Move Zeros

Problem Statement

LeetCode-283: Given an integer array nums, move all 0’s to the end of it while maintaining the relative order of the non-zero elements.

Note that you must do this in-place without making a copy of the array.

Input: nums = [0,1,0,3,12]
Output: [1,3,12,0,0]

Input: nums = [0]
Output: [0]

Input: nums = [5]
Output: [5]

Approach

There are multiple ways to solve this problem.

1. The most intuitive way is to iterate over the array and keep track of the number of zeros encountered.
2. Once we have the count of zeros, we can iterate over the array again and move all the non-zero elements to the front of the array.
3. Finally, we can fill the remaining elements with zeros.

This approach requires two passes over the array and is not optimal.

Another approach is to use two pointers.

1. We can iterate over the array with the first pointer and keep track of the position where the next non-zero element should be placed.
2. We can use the second pointer to iterate over the array and swap the elements at the first and second pointers if the element at the second pointer is non-zero.
3. This way, we can move all the non-zero elements to the front of the array.

Implementation

Let’s implement the two-pointer approach to solve this problem.

public void moveZeroes(int[] nums) {
    int index = 0;
    for(int i=0; i < nums.length; i++){
        if(nums[i] != 0){
            nums[index] = nums[i];
            if(i != index){
                nums[i] = 0;
            }   
            index++;             
        }
    }
}

Note that we only increment the index when we encounter a non-zero element.
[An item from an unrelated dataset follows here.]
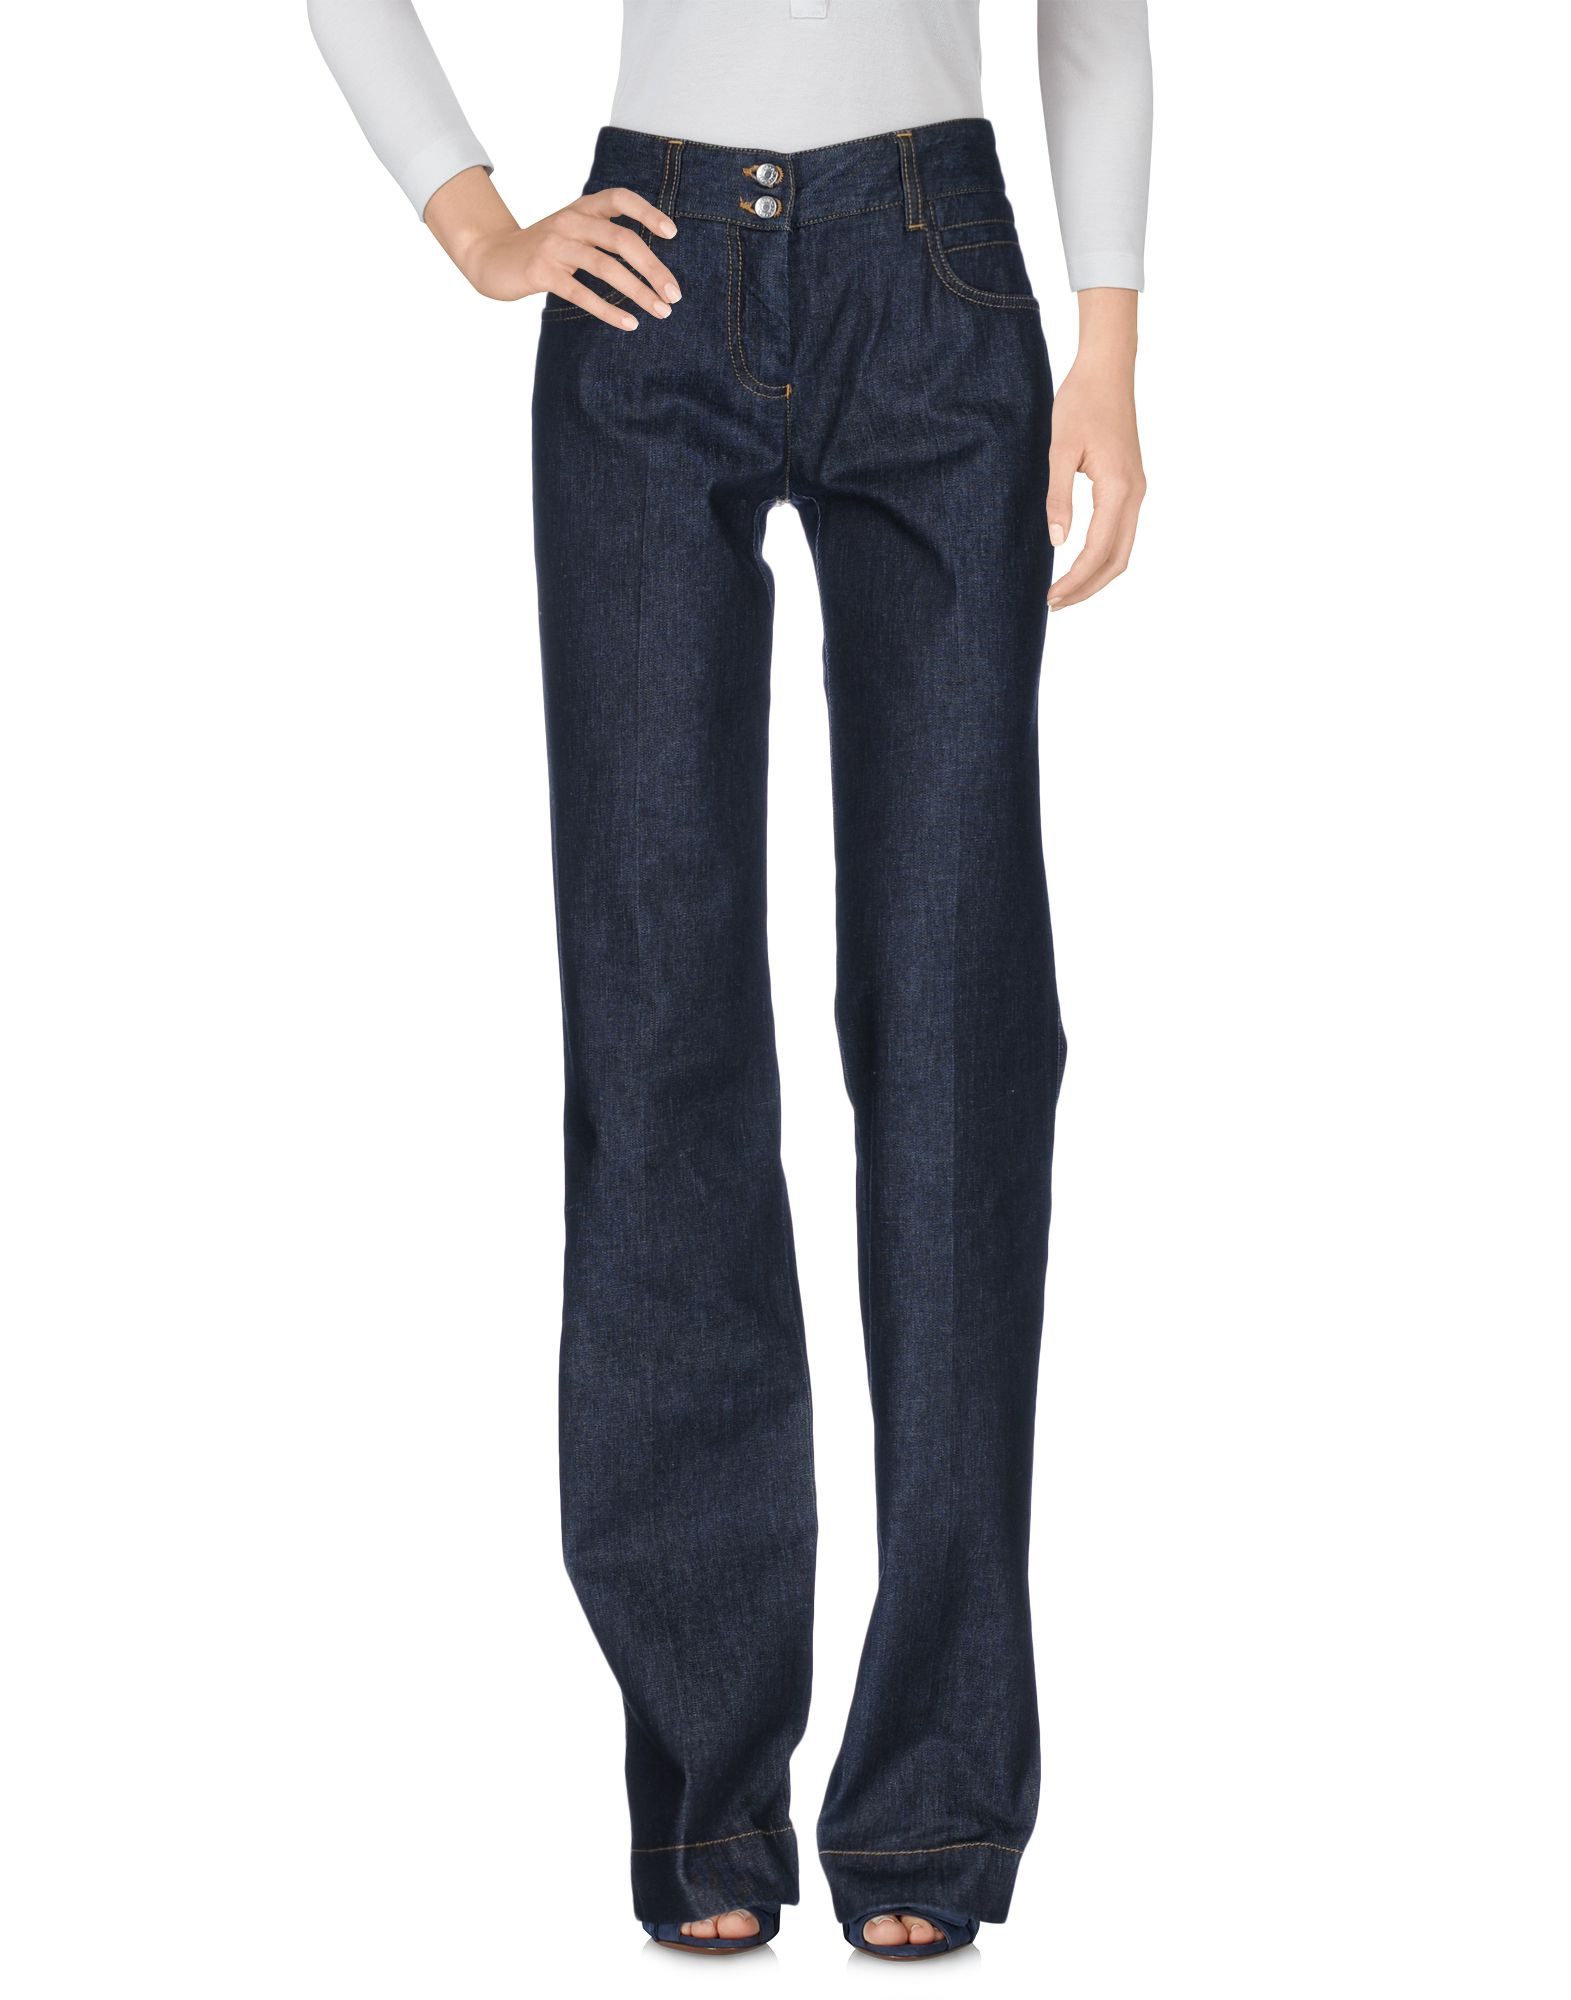 DOLCE & GABBANA Damen Jeanshose Farbe Blau Größe 1
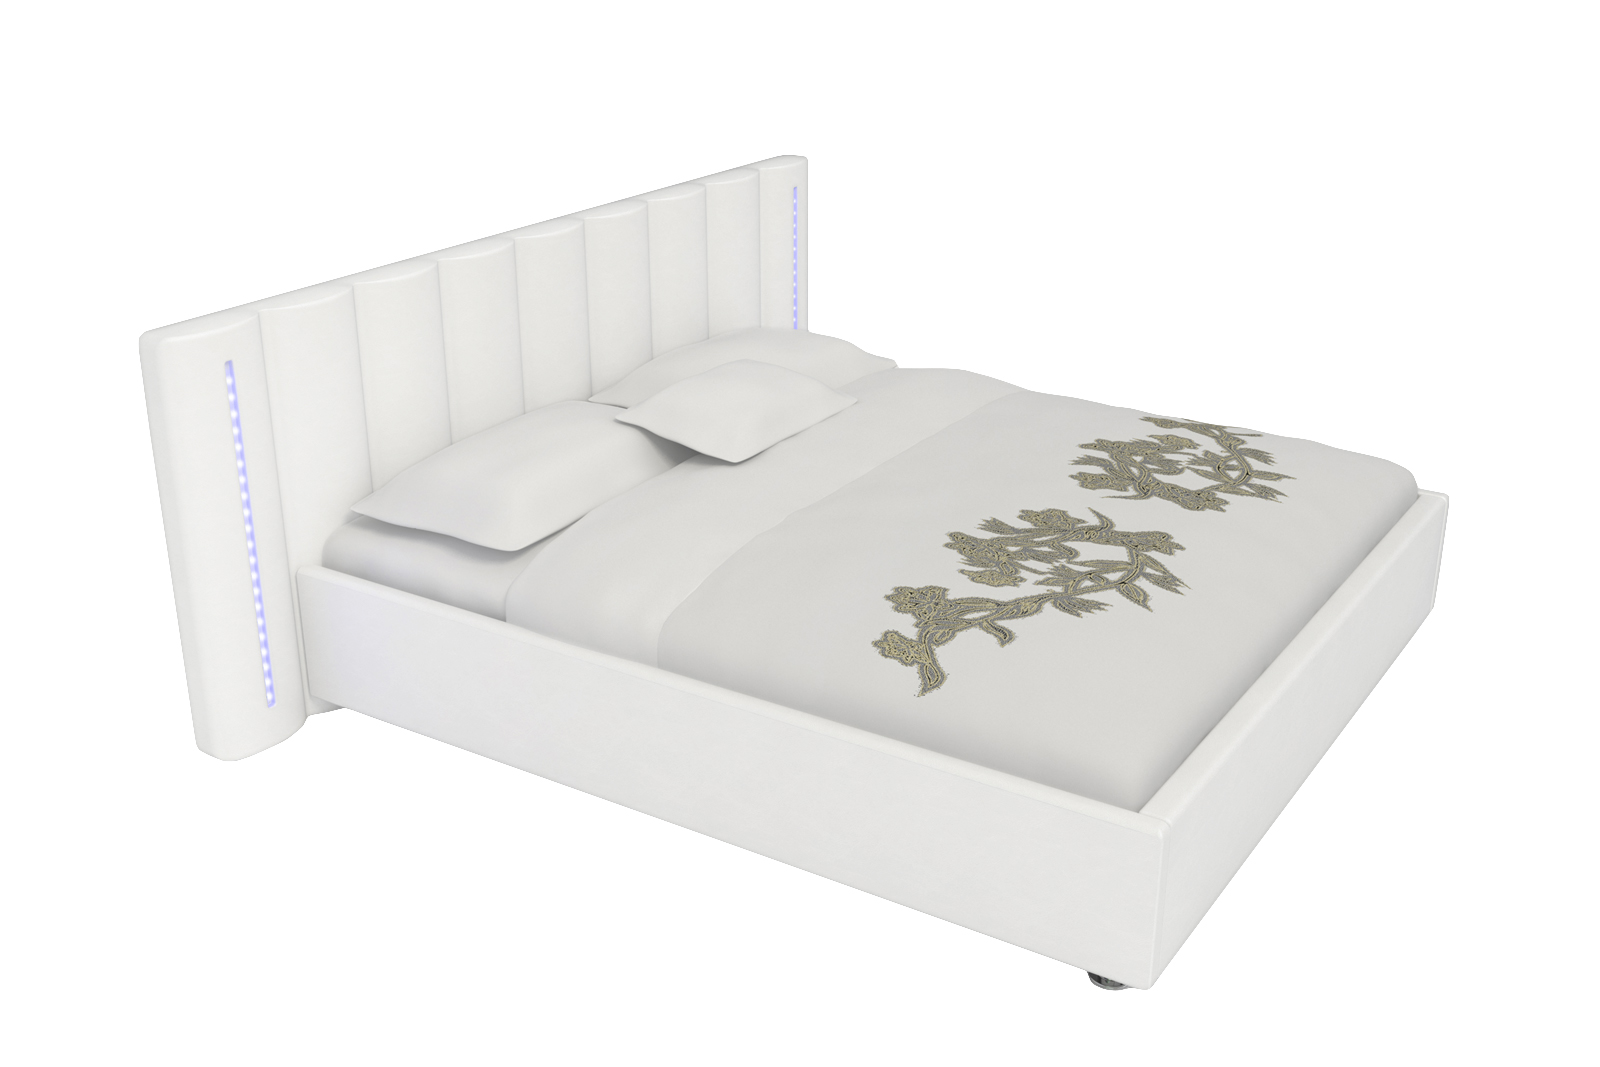 sale polsterbett g nstig 180x200 cm wei mit led beleuchtung reno. Black Bedroom Furniture Sets. Home Design Ideas

This way, we can maintain the relative order of the non-zero elements.

Also, we set the element at current index i to 0 only if it is not equal to index as otherwise it will override the just set value. Consider a single element array for this case: [5]

Complexity Analysis

The time complexity for this approach is $O(n)$, where $n$ is the number of elements in the array. We iterate over the array only once.